In Table 1, for a set of torsional angles, that were chosen to grant the best idea about the local dynamics of the dominant conformation, parameters describing a helix are presented (the negative value of the pitch indicates that the helix is left-handed). Firstly, as can be seen from the significance of changes corresponding with different torsional angles: the dynamics of ϕ and ω′ angles seem to correspond mainly with stretching and contracting of the helix (changes of the pitch), while the dynamics of ω′′ seems to correspond with helix radius dynamics. It is also important to notice that with the high values of the pitch, formation of intrachain hydrogen bonds will be restricted. This provides insight into both why hydrogen bonds at many parts of the chains are not necessarily stable and why mean values of ϕ and ω′ are often shifted towards lower values (reducing the helix pitch). This suggest that additional forces contributing to reduction of the pitch value, such as propensity towards reducing contact surface with solution, would act in synergy helping to stabilize the hydrogen bonds, in effect further stabilizing the helical fold.

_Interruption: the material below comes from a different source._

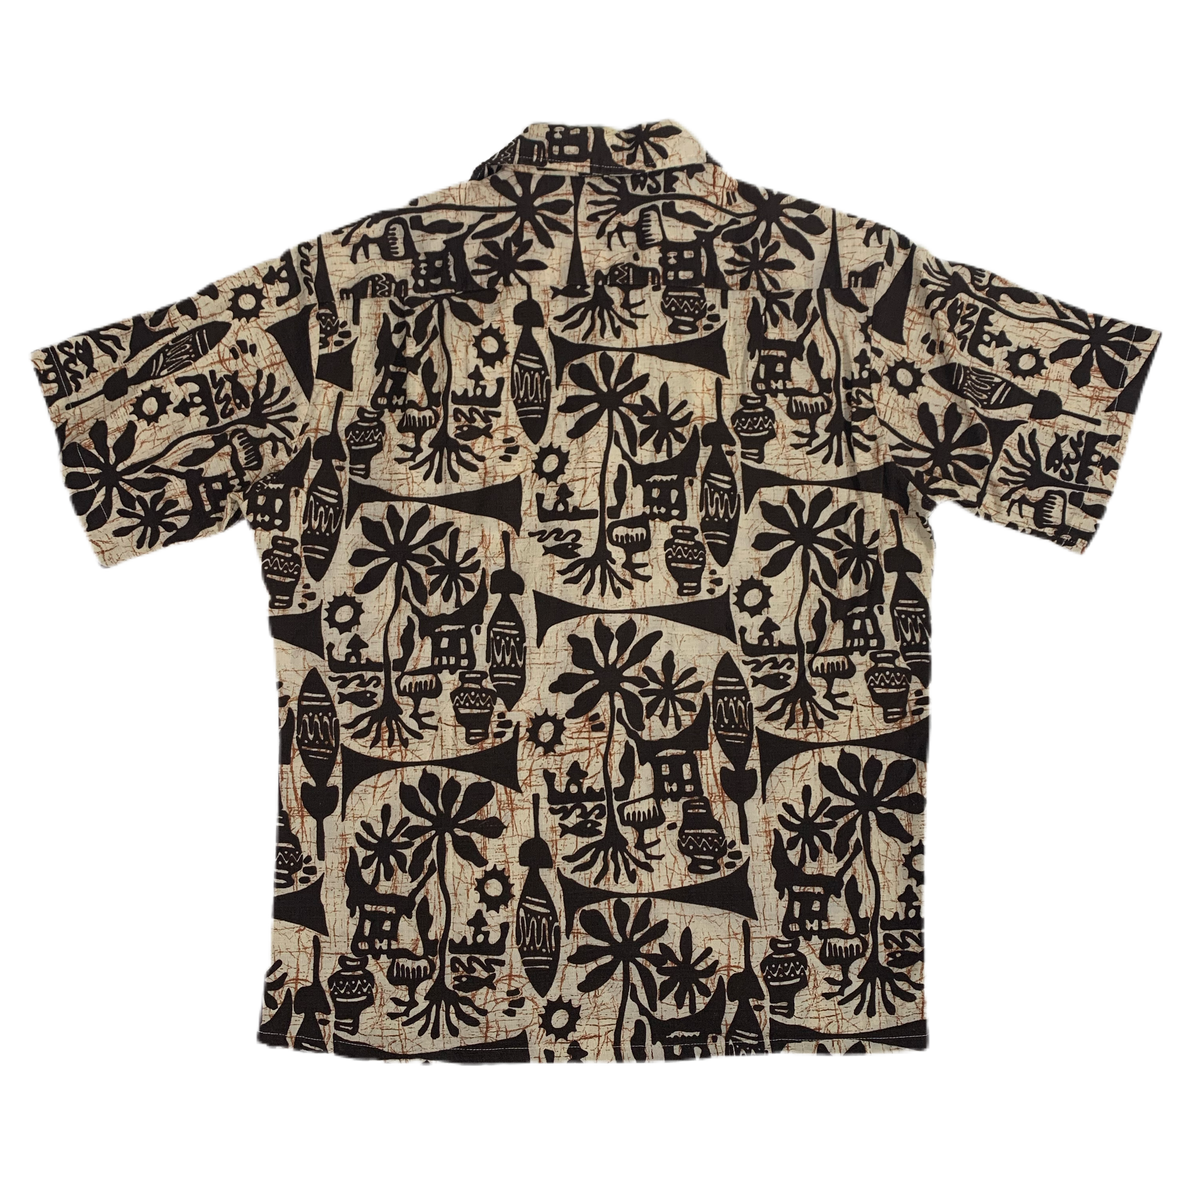 Vintage Florida Sunwear “Open Collar” Hawaiian Shirt - jointcustodydc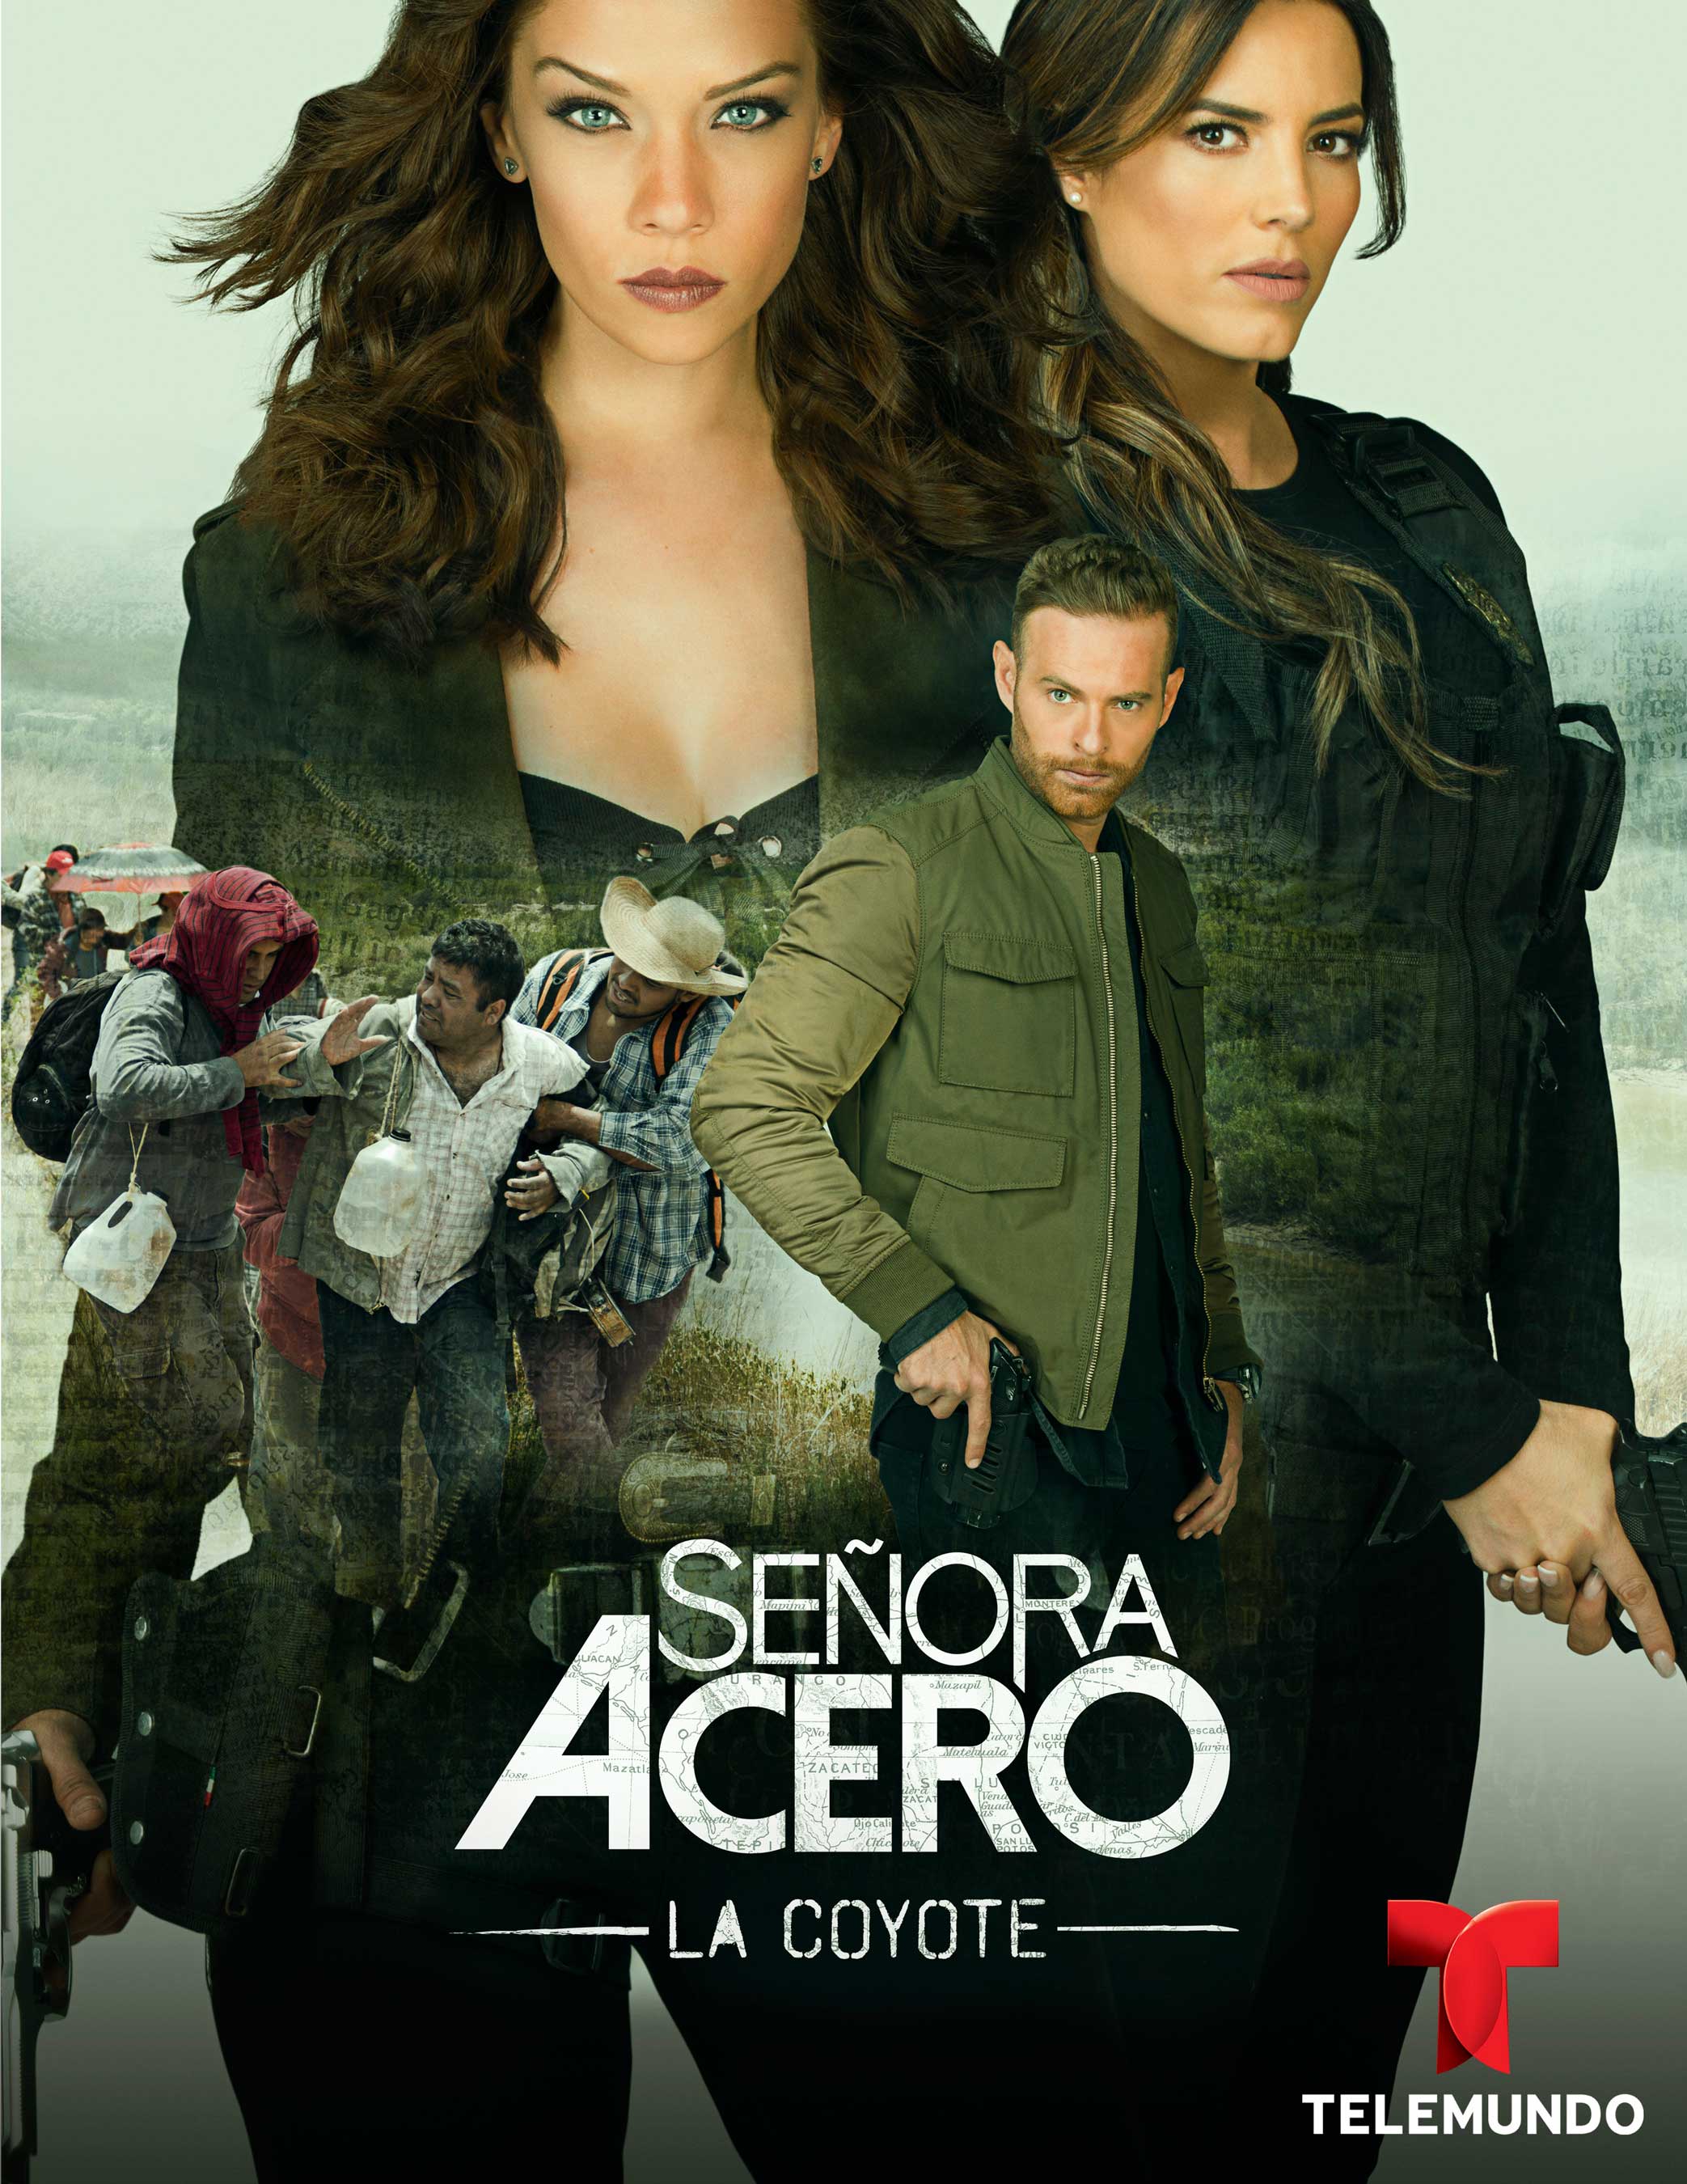 Cast of señora acero season 3

Table 1 Characteristics of local dynamics of the dominant conformation^a

	Dihedrals [°]	Pitch [Å]	Radius a [Å]	Radius b [Å]	Structure^a
a Structure – model structures of backbones generated based on torsional angles. These model structures were generated to be twelve monomers long (dodecamers). The dihedral angles listed in the first column correspond to idealized values employed in the calculations. The pitch refers to the axial distance covered by one complete turn of the helix. The radii a and b are obtained by fitting the helical profile to an elliptical shape, thereby conveying both the overall width of the helix and its deviation from a perfectly circular profile. The table presents calculated pitch and radii for unweighted centers of backbone atoms in the model structures, and uncertainties are measures of fit wellness.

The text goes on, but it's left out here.